Defendants argued that claims 4 and 12 are invalid, under the doctrine of obviousness-type double patenting, because they are not patentably distinct from F162, the compound disclosed in claim 162 of the ’344 patent. Defendants argued that the POSA would have been motivated to replace the scaffold of the claim 162 compound with the goal of developing a new DPP-IV inhibitor for the treatment of Type 2 diabetes, because ‘scaffold replacement’ is one of ‘a range of strategies’ used by medicinal chemists to design and identify novel structures.”

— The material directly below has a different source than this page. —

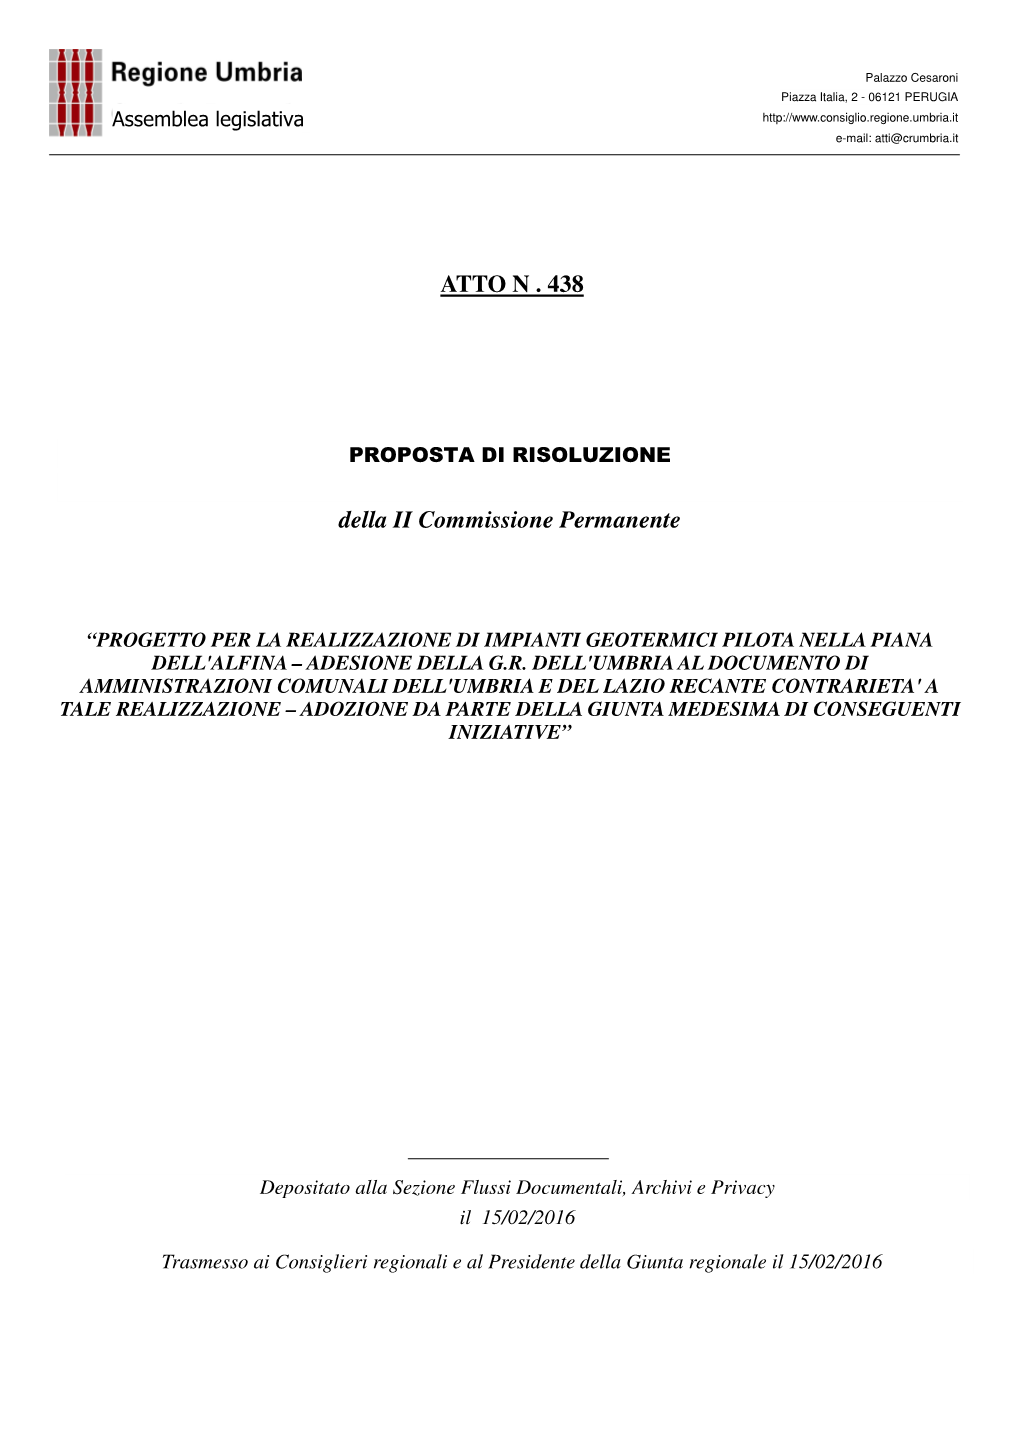 ATTO N . 438 Della II Commissione Permanente

But court said that Defendants has offered no support for the proposition that the POSA would have been motivated to choose scaffold replacement to develop a novel compound from F162. Defendants have not yet identified some reason which would have led a POSA to select scaffold replacement to modify F162 to make F162u with a reasonable expectation of success. As of the Priority Date, the art did not have available the structural information needed to perform scaffold replacement to produce a non-peptidic molecule that was active as a DPP-IV inhibitor with a reasonable expectation of success. The cited testimony says no more than that scaffold replacement was one of a “range” of options. Furthermore, Defendants relies substantially on the testimony of Dr. Rotella, whose credibility was damaged on cross-examination. During the direct examination, Dr. Rotella stated that the substituents of F162 and alogliptin are the same, but the scaffolds differ. On cross-examination, Dr. Rotella agreed that F162 contained a fluorine atom as a substituent, while alogliptin does not. Dr. Rotella’s credibility also suffered from inconsistent testimony. Court also did not find second isosteric replacement theory convincing & denied the challenge.

With respect to obviousness theory, Defendants argued that POSA searching for a promising drug development candidate would have focused on non-peptidic inhibitors and specifically on xanthine-based compounds, which a POSA would recognize as “particularly promising.” Defendants argued that, in short, two references suggest DCAX as lead compound, the WO ’496 patent and the CA ’730 patent. Plaintiffs contended that Defendants’ theory is based on hindsight. Plaintiffs argued that Defendants rely principally on the testimony of their expert, Dr. Ferraris, but that his credibility is undermined by, and is inconsistent with, his own work. Dr. Ferraris testified that a POSA seeking a candidate for drug development would have ignored peptidic inhibitors, but his own work during this time was on peptidic inhibitors. His actual work thus contradicts his opinions in this case. Next, Plaintiffs point to the fact that Dr. Ferraris admitted that he did not actually do an independent lead compound analysis. Dr. Ferraris testified that the choice of DCAX and the two references supporting that choice, the WO ’496 and CA ’730 patents, were given to him by Defendants’ counsel; he did not search through the prior art to find them.

Court next said that, Defendants’ path to the selection of DCAX is unpersuasive. Defendants argue, in short, that there are eight compounds that are mentioned in both the WO ’496 and the CA ’730 patents and that, of those eight compounds, DCAX has the greatest potency. Defendants did not explain why a POSA would believe that a compound mentioned in two patents is more worthy of development than a more potent compound listed in one. The prior art did not supply a POSA with a reason to select DCAX as a lead compound over other compounds in the prior art. Court said that the Defendant’s argument has a number of major gaps, missing connections or steps with inadequate support. This is a theory with major defects and does not come close to meeting the clear and convincing standard for successful validity challenges.

The Court thus concluded that Defendants have failed to prove, by clear and convincing evidence, that claims 4 and 12 of the ’689 patent are invalid under their theories based on § 103 obviousness or the doctrine of obviousness-type double patenting.